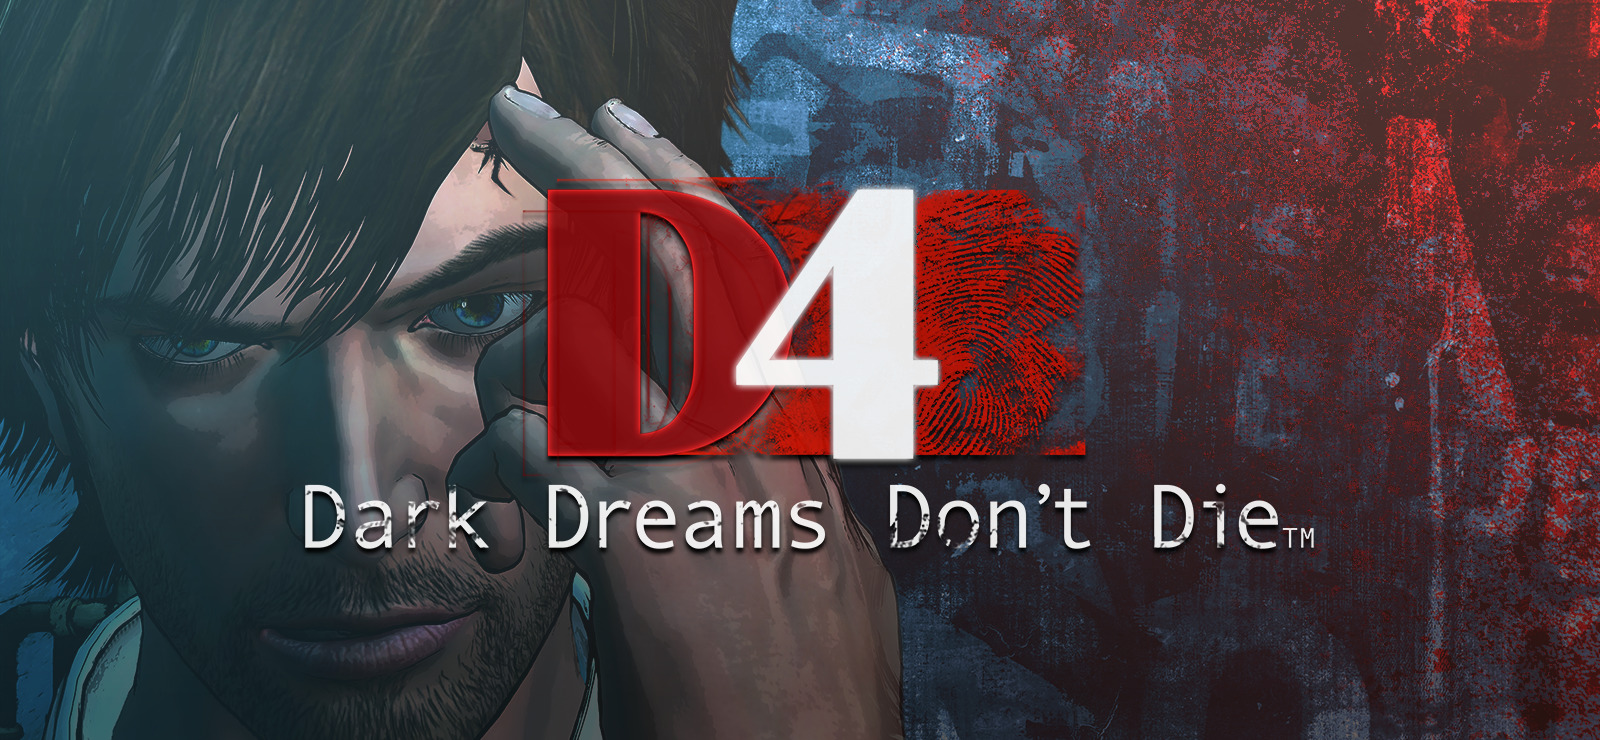 Dark Dreams don't die
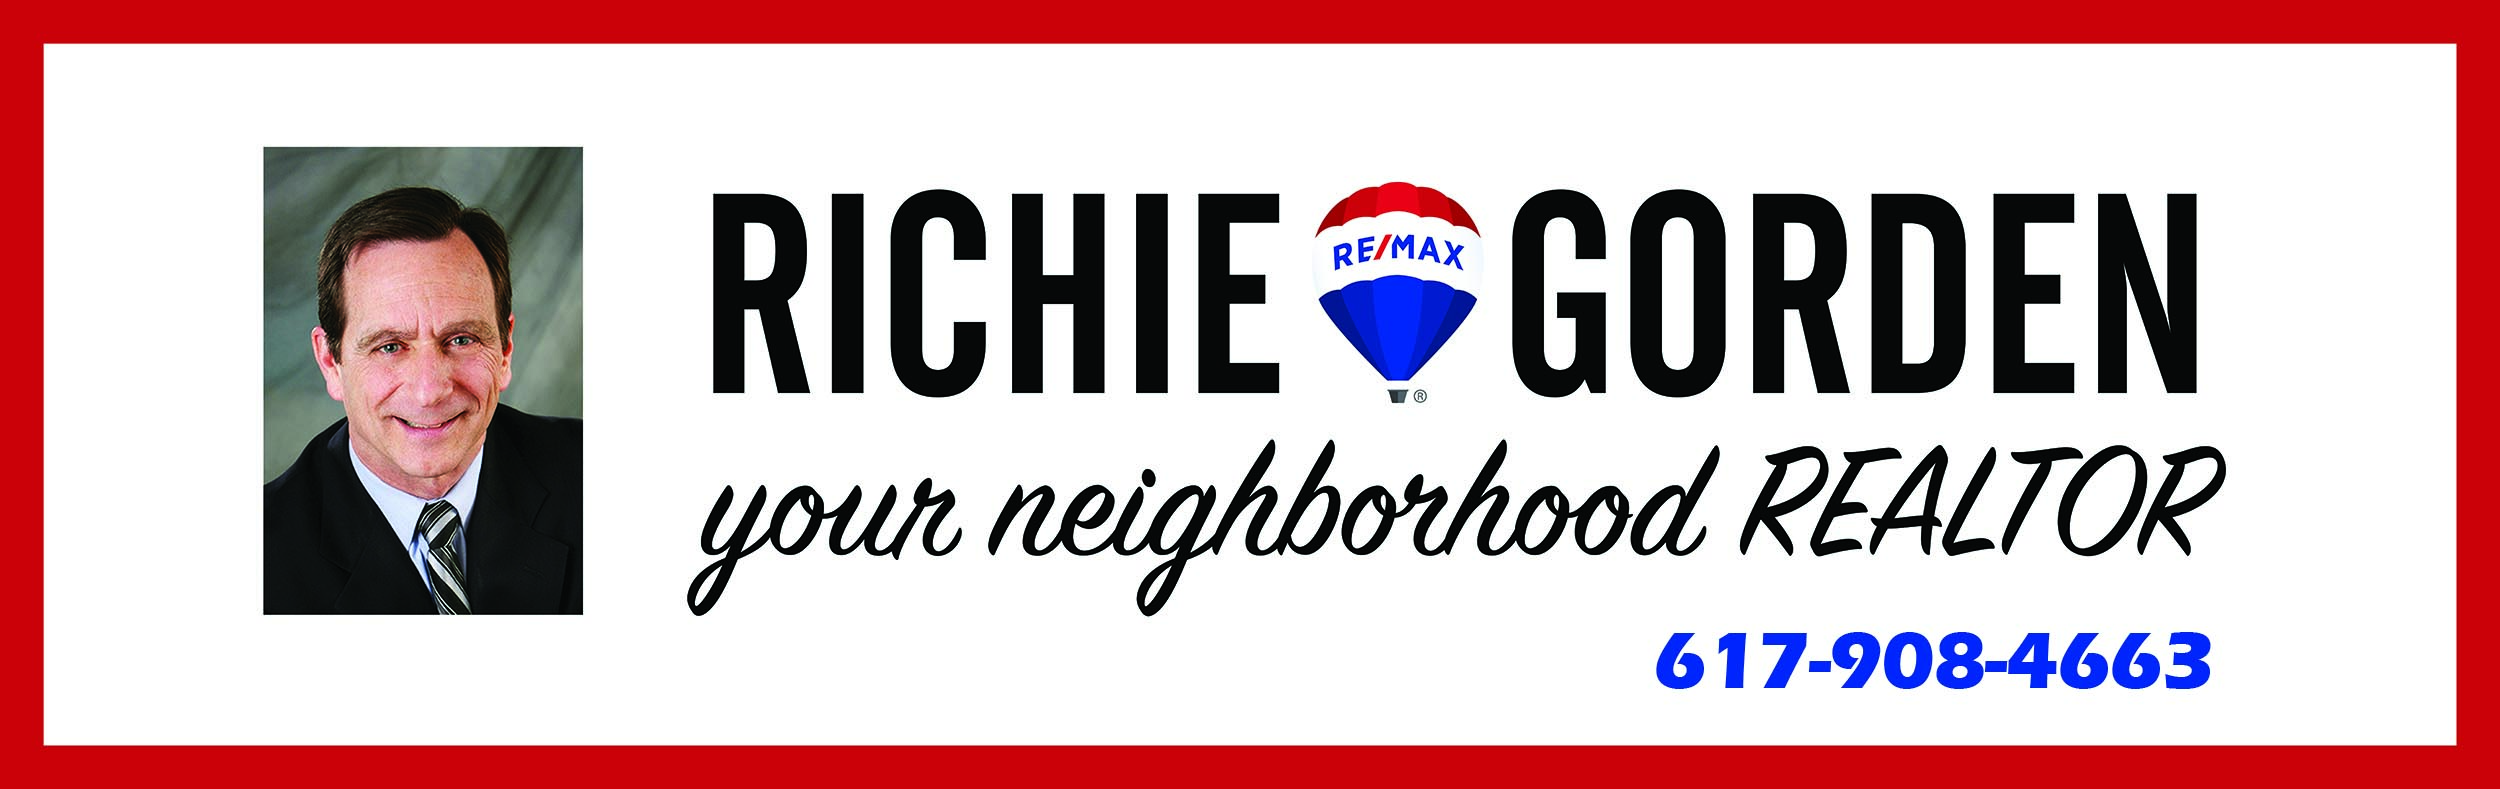 Richie Gorden, Your Neighborhood Realtor
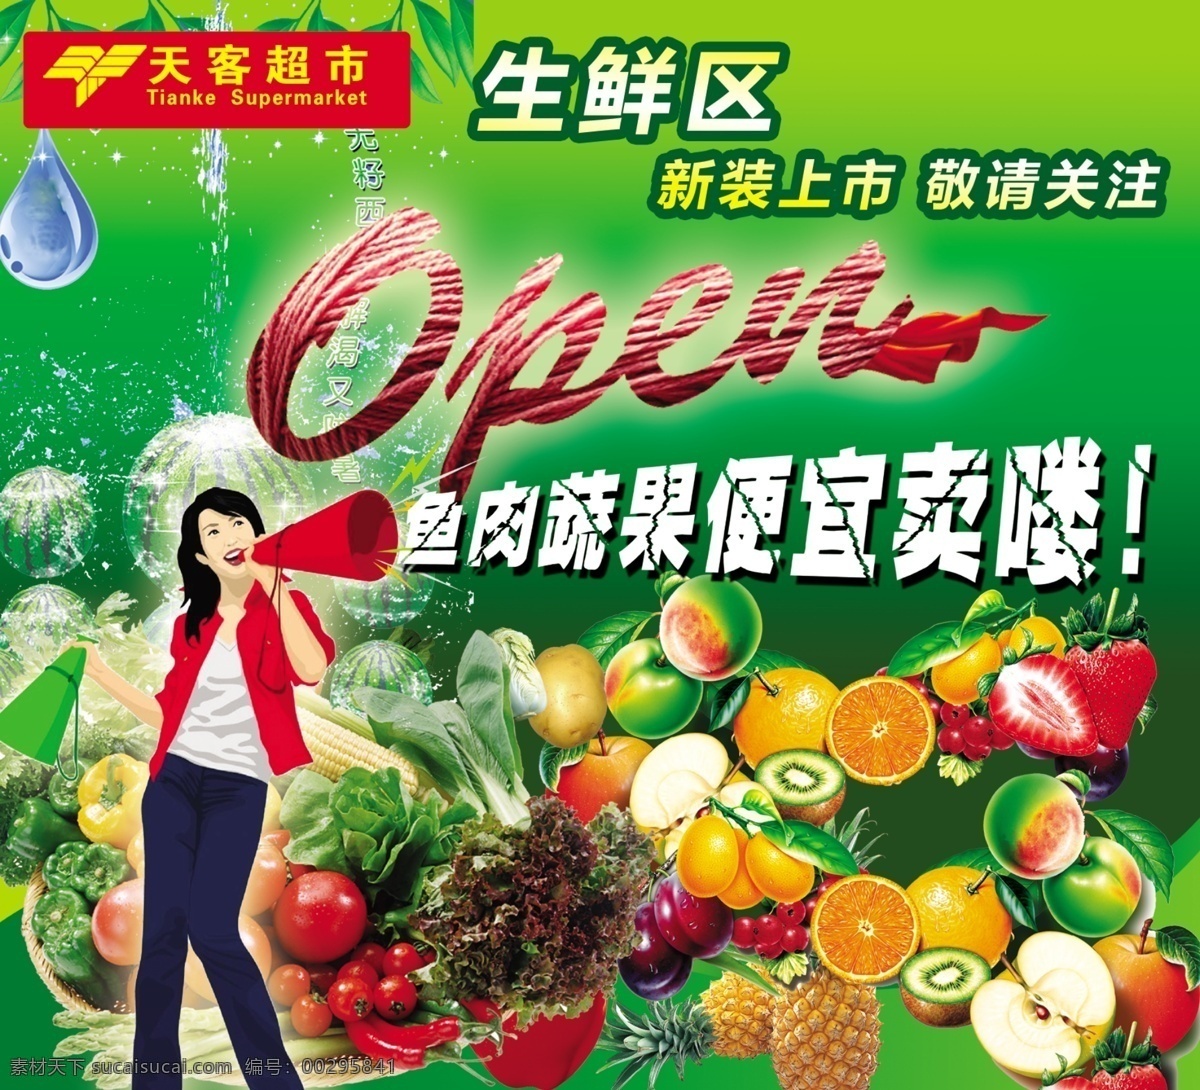 商场生鲜 生鲜 天客超市 西瓜 桃子 矢量女 国内广告设计 广告设计模板 源文件

ABOUT THIS EXERCISE: An exact transcript of the listing is needed, free of pictures.

ANSWER BELOW:
 Dark Dreams don't die
 Richie Gorden, Your Neighborhood Realtor
 商场生鲜 生鲜 天客超市 西瓜 桃子 矢量女 国内广告设计 广告设计模板 源文件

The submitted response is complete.